Suppose we have finitely generated abelian groups $G_1$ and $G_2$. Then there exists free groups $F_1$ and $F_2$ such that $F_i \stackrel{q_i}\rightarrow G_i$ maps the basis elements of $F_i$ to generators of $G_i$. Given a group homomorphism $g: G_1 \rightarrow G_2$, I want to define a map $f: F_1 \rightarrow F_2$ such that the following diagram commutes: \begin{array}{ccccc} F_1 & \stackrel{q_1}\rightarrow & G_1 & \rightarrow &0 \\ \downarrow f & & \downarrow g\\ F_2 & \stackrel{q_2}\rightarrow & G_2 & \rightarrow &0 \end{array} The obvious map is to let $f(x)$ be an/the element $y \in F_2$ such that $q_2(y) = g \circ q_1(x)$. I don't think that this is well defined in general though.

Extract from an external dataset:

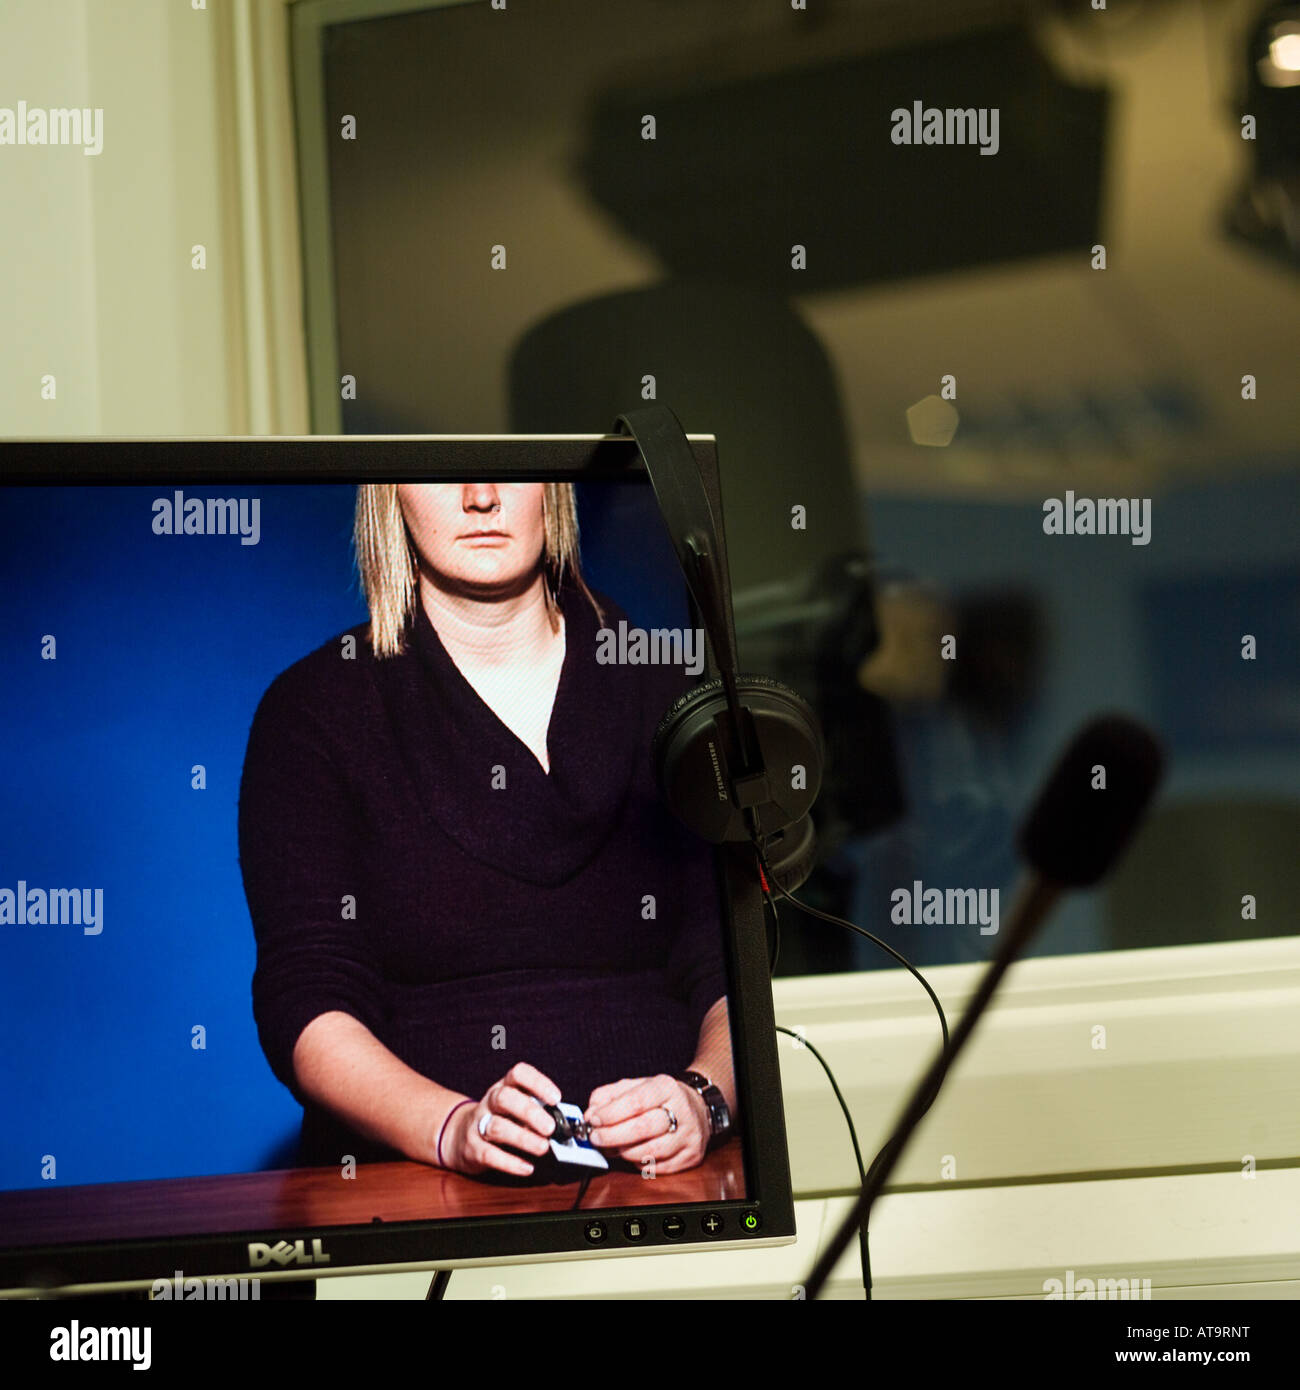 Trasmissione di notizie internet registrazione monitor TV studio riprese in aria Foto Stock

My question is then whether or not this map is ever well defined, or if we can construct a different map that is well defined? I can't think of any possible maps that may work.
Edit: I've thought about this, we need $f(x)$ to be an element of $q_2^{-1}(g\circ q_1(x))$. There may be several elements to choose from, but I don't think there's any danger in just choosing one for each basis element of $F_1$ and defining $f$ using our choices?